Inbreng Gert-Jan Segers tbv Wijziging Algemene Wet gelijke behandeling ivm ann. enkele-feitenconstr.

donderdag 20 juni 2013 00:00

Inbreng verslag (wetsvoorstel) van ChristenUnie Tweede Kamerlid Gert-Jan Segers als lid van de vaste commissie voor Binnenlandse Zaken ten behoeve van wijziging van de Algemene wet gelijke behandeling

Onderwerp:   Wijziging van de Algemene wet gelijke behandeling i.v.m. het annuleren van de enkele-feitenconstructie in de Algemene wet gelijke behandeling

Kamerstuk:    32 476

Datum:            20 juni 2013

De leden van de fractie van de ChristenUnie hebben kennis genomen van het voorstel tot wijziging van de Algemene wet gelijke behandeling in verband met het annuleren van de enkele-feitconstructie in de Algemene wet gelijke behandeling. Deze leden hebben vragen ten aanzien van de interpretatie en reikwijdte van het wetsvoorstel en de keuzes die gemaakt zijn ter implementatie van de Richtlijn 2000/78/EG.
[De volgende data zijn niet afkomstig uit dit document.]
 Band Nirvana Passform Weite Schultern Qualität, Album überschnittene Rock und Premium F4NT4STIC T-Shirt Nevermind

Genoemde leden merken op dat het wetsvoorstel en de memorie van toelichting aanzienlijk gewijzigd zijn met als doel de richtlijn juist te implementeren. Deze leden vragen of de initiatiefnemers hebben overwogen om het herschreven wetsvoorstel opnieuw voor advies aan te bieden bij de Raad van State. De leden van de fractie van de ChristenUnie vragen de indieners om dat in overweging te nemen juist om zekerheid te verkrijgen over de juiste implementatie  van richtlijn 2000/78/EG.
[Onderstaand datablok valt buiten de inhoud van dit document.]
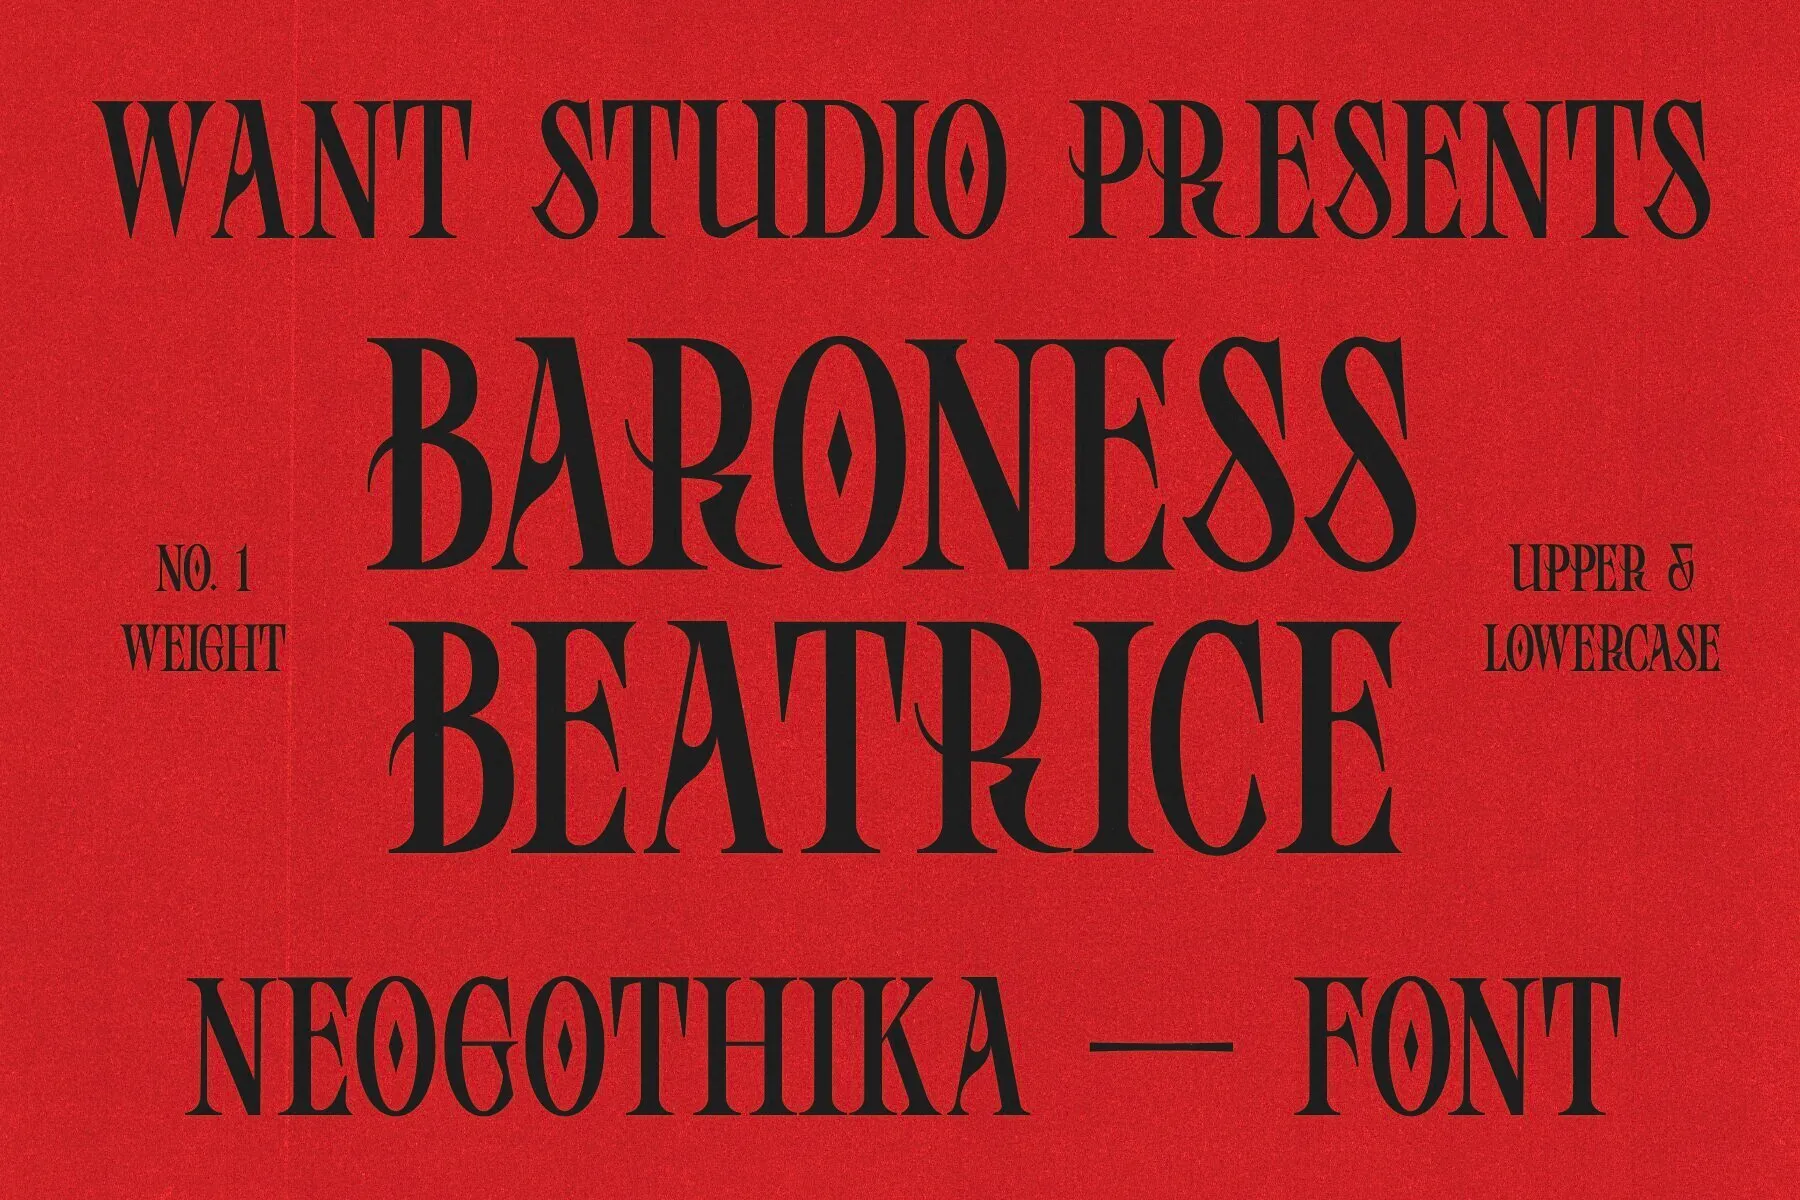 Baroness Beatrice

De leden van de fractie van de ChristenUnie  stellen deze vraag mede omdat zij constateren dat de termen ‘discriminatie’ (afkomstig uit de Richtlijn) en ‘onderscheid’ (afkomstig uit de AWGB) in het wetsvoorstel en de memorie van toelichting door elkaar lopen. Deze leden vragen  de indieners of zij zich bewust zijn van het verschil in strekking van de termen ´discriminatie´ in de Richtlijn en ´onderscheid´ in de AWGB in juridische zin  en in het dagelijks taalgebruik. Discriminatie staat in Nederland voor een pejoratief verboden onderscheid, zoals omschreven in art. 90quater Sr., in tegenstelling tot het neutrale begrip ‘onderscheid’ in de AWGB. Zij vragen de indieners om toe te lichten welke gevolgen het verwisselen van de term ‘discriminatie’ voor  ‘onderscheid’ in het wetsvoorstel en de memorie van toelichting heeft voor de materiële strekking er van. Deze leden vragen daarom ook waarom de indieners niet gekozen hebben voor de terminologie van tekstvariant A van de Raad van State.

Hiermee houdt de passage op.